How to Calculate BLEU Score in Python?

BLEU score in Python is a metric that measures the goodness of Machine Translation models. Though originally it was designed for only translation models, now it is used for other natural language processing applications as well. The BLEU score compares a sentence against one or more reference sentences and tells how well does the candidate sentence matched the list of reference sentences. It gives an output score between 0 and 1. A BLEU score of 1 means that the candidate sentence perfectly matches one of the reference sentences.This score is a common metric of measurement for Image captioning models.In this tutorial, we will be using sentence_bleu() function from the nltk library. Let’s get started.

Calculating the BLEU Score in Python

To calculate the BLEU score, we need to provide the reference and candidate sentences in the form of tokens.

We will learn how to do that and compute the score in this section. Let’s start with importing the necessary modules.

from nltk.translate.bleu_score import sentence_bleu

Now we can input the reference sentences in the form of a list. We also need to create tokens out of sentences before passing them to the sentence_bleu() function.

1. Input and Split the Sentences

The sentences in our reference list are:


'this is a dog'
'it is dog'
'dog it is'
'a dog, it is'

We can split them into tokens using the split function.


reference = [
    'this is a dog'.split(),
    'it is dog'.split(),
    'dog it is'.split(),
    'a dog, it is'.split() 
]
print(reference)

Output:


[['this', 'is', 'a', 'dog'], ['it', 'is', 'dog'], ['dog', 'it', 'is'], ['a', 'dog,', 'it', 'is']]

This is what the sentences look like in the form of tokens. Now we can call the sentence_bleu() function to calculate the score.

2. Calculate the BLEU Score in Python

To calculate the score use the following lines of code:


candidate = 'it is dog'.split()
print('BLEU score -> {}'.format(sentence_bleu(reference, candidate)))

Output:

We get a perfect score of 1 as the candidate sentence belongs to the reference set. Let’s try another one.


candidate = 'it is a dog'.split()
print('BLEU score -> {}'.format(sentence_bleu(reference, candidate)))

Output:


BLEU score -> 0.8408964152537145

We have the sentence in our reference set, but it isn’t an exact match. This is why we get a 0.84 score.

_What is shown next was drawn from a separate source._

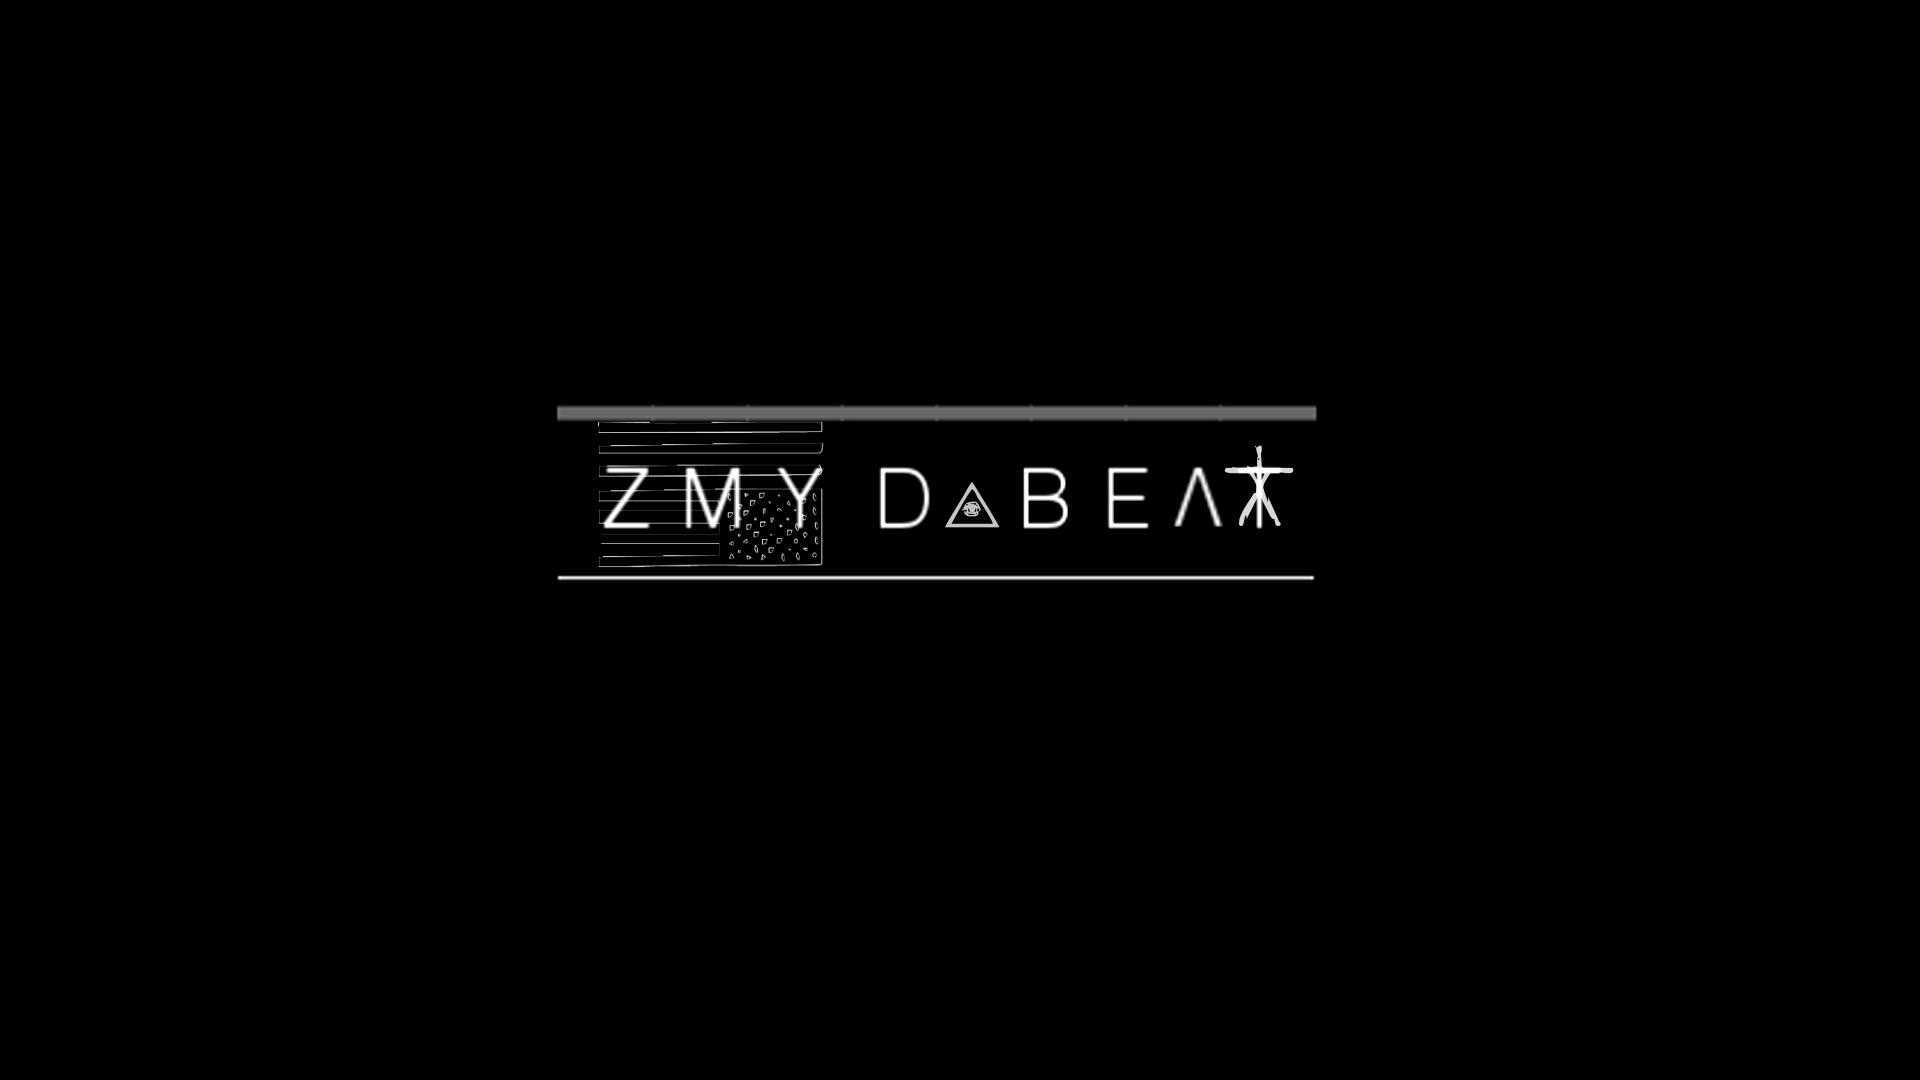 """B.A.D. - H.O.O.D."" ► Rap Beat Instrumental {Hard Banger} Prod. by ZMY DaBeat"

3. Complete Code for Implementing BLEU Score in Python


from nltk.translate.bleu_score import sentence_bleu
reference = [
    'this is a dog'.split(),
    'it is dog'.split(),
    'dog it is'.split(),
    'a dog, it is'.split() 
]
candidate = 'it is dog'.split()
print('BLEU score -> {}'.format(sentence_bleu(reference, candidate)))

candidate = 'it is a dog'.split()
print('BLEU score -> {}'.format(sentence_bleu(reference, candidate)))

4. Calculating the n-gram Score

While matching sentences you can choose the number of words you want the model to match at once. For example, you can choose for words to be matched one at a time (1-gram). Alternatively, you can also choose to match words in pairs (2-gram) or triplets (3-grams).

In the sentence_bleu() function you can pass an argument with weights corresponding to the individual grams.

For example, to calculate gram scores individually you can use the following weights:

  • Individual 1-gram: (1, 0, 0, 0)
  • Individual 2-gram: (0, 1, 0, 0)
  • Individual 3-gram: (0, 0, 1, 0)
  • Individual 4-gram: (0, 0, 0, 1)

Python code for the same is given below:


from nltk.translate.bleu_score import sentence_bleu
reference = [
    'this is a dog'.split(),
    'it is dog'.split(),
    'dog it is'.split(),
    'a dog, it is'.split() 
]
candidate = 'it is a dog'.split()

print('Individual 1-gram: %f' % sentence_bleu(reference, candidate, weights=(1, 0, 0, 0)))
print('Individual 2-gram: %f' % sentence_bleu(reference, candidate, weights=(0, 1, 0, 0)))
print('Individual 3-gram: %f' % sentence_bleu(reference, candidate, weights=(0, 0, 1, 0)))
print('Individual 4-gram: %f' % sentence_bleu(reference, candidate, weights=(0, 0, 0, 1)))

Output:


Individual 1-gram: 1.000000
Individual 2-gram: 1.000000
Individual 3-gram: 0.500000
Individual 4-gram: 1.000000

By default, the sentence_bleu() function calculates the cumulative 4-gram BLEU score, also called BLEU-4. The weights for BLEU-4 are as follows:

Let’s see the BLEU-4 code:


score = sentence_bleu(reference, candidate, weights=(0.25, 0.25, 0.25, 0.25))
print(score)

Output:

That’s the exact score we got without the n-gram weights added.

Conclusion

This tutorial was about calculating the BLEU score in Python. We learned what it is and how to calculate individual and cumulative n-gram BLEU scores. Hope you had fun learning with us!